Par Repostit @S2PMag

L’image des créateurs de jeux, au fond du garage, codant entre deux cartons de pizzas fait encore et toujours rêver. Dans notre petit pays, aussi. Et ce rêve se réalise de plus en plus fréquemment en Suisse. Portrait des créateurs de Colorball, qui ont bien voulu répondre à nos questions…

demo Jeu indé suisse : les créateurs de Colorball se prêtent à linterview

C’est arrivé près de chez nous…

Michaël Martin et Guillaume Vautier, les deux créateurs de Colorball, se sont prêtés au jeu de l’interview.

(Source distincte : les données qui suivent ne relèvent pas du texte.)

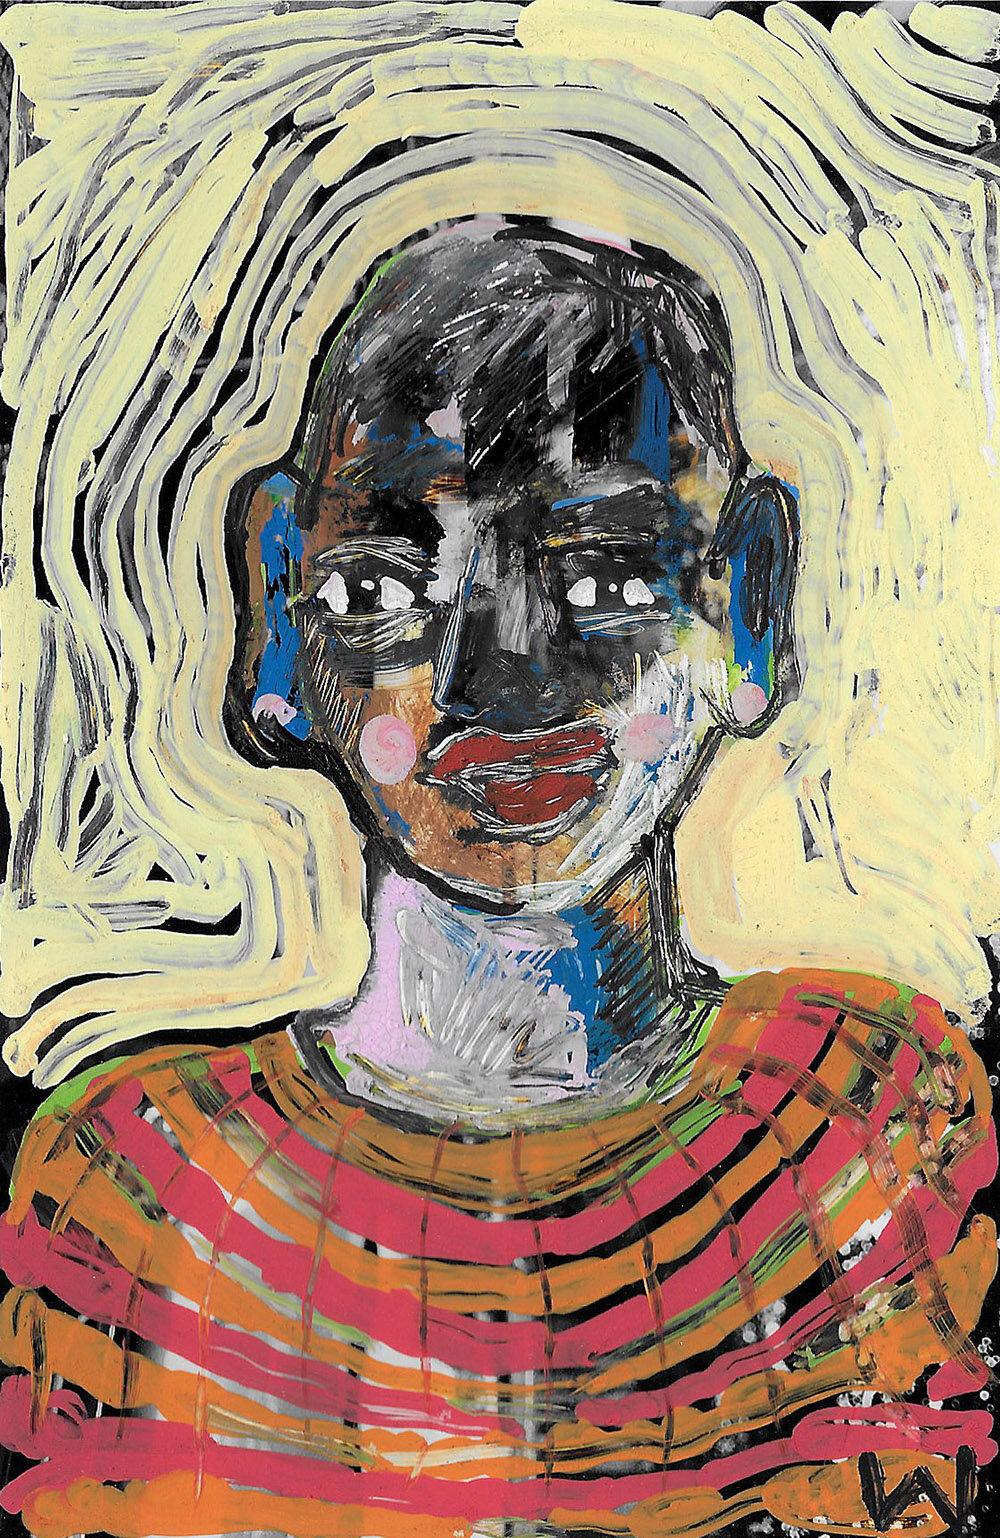 'Angry Youth' 2017, Berlin, Inkjet photograph & Acrylic, 10x15cm

Leur titre, qui mêle réflexion et contemplation, nous met aux commandes d’une sphère, dans un environnement arctique, et dont l’objectif est de réaliser des mélanges de couleurs en y roulant dans des flaques de peinture. D’une fois la bonne couleur obtenue, il sera alors possible de passer les portiques portant une teinte déterminée, et ainsi d’évoluer au travers des divers niveaux, à la difficulté toujours plus relevée.

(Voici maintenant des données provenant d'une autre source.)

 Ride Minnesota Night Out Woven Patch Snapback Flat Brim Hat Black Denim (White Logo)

S2PMag : Et si on commençait par les présentations?

 Jeu indé suisse : les créateurs de Colorball se prêtent à linterview
Michaël Martin : 37 ans, né à Genève, deux bouts de chou qui m’empêchent de dormir et une super femme ; j’ai suivi une formation à la Haute Ecole Supérieure de Genève en informatique pour y obtenir un Bachelor. Puis une formation de designer à la Haute Ecole d’Art et de Design de Genève également sanctionné d’un Bachelor. Aujourd’hui, je poursuis ma formation avec un Master en media design à la HEAD ; formation mêlant parfaitement les deux disciplines : informatique et design.

Je me spécialise dans les systèmes interactifs et les jeux plus particulièrement. J’occupe mes temps libres entre ma famille, un peu de sport et beaucoup de projets personnels et d’autoformation dans le domaine du game design et de l’interaction design sans oublier quelques heures par semaine sur mes jeux favoris : Starcraft II, Warcraft III, Super Street Fighter IV, Hearthstone mais aussi beaucoup de jeux indépendants tels que Super Meat Boy, Fez, Limbo, Slender, Super Hexagon, Hundreds, Passage etc…

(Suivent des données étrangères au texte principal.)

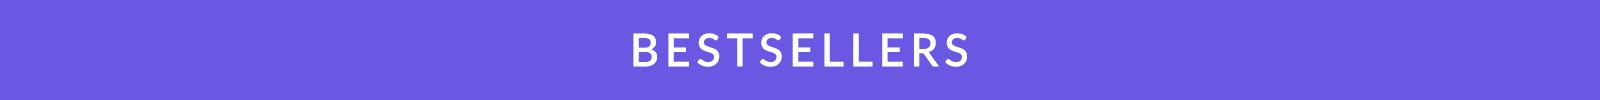 Holika Flagship Bestseller Banner

J’ai monté ma structure en indépendant depuis moins d’une année maintenant. Je fais pas mal de choses différentes qui tendent toutes vers le design interactif. Les principaux projets sont visibles sur le site d’Irrelevant Studio. En bref : j’aimerais dormir moins !!!

 Jeu indé suisse : les créateurs de Colorball se prêtent à linterview
Guillaume Vautier : Guillaume Vautier, 28 ans, un pied dans le motion design (graphisme d’animation) et l’autre dans le jeu. J’ai commencé par suivre des études en économie sans jamais les finir avant de prendre un virage radical vers le design graphique. Comme Michaël j’ai suivi une formation de designer visuel à la Haute école d’Art et de Design de Genève où je continue actuellement avec un Master.

Créatif dans l’âme, je ne compte plus le nombre de projets que j’aurais envie de réaliser : courts métrages d’animation, petits projets cinéma, jeux vidéos de gestion, jeux ludo-éducatifs ou encore projets expérimentaux autour du web design. Bref, en attendant de peut-être trouver les ressources humaines et financières pour réaliser certains de ces projets, je me suis joint à Michaël sur ce projet puisqu’on partage cette passion pour la création de jeux indépendants.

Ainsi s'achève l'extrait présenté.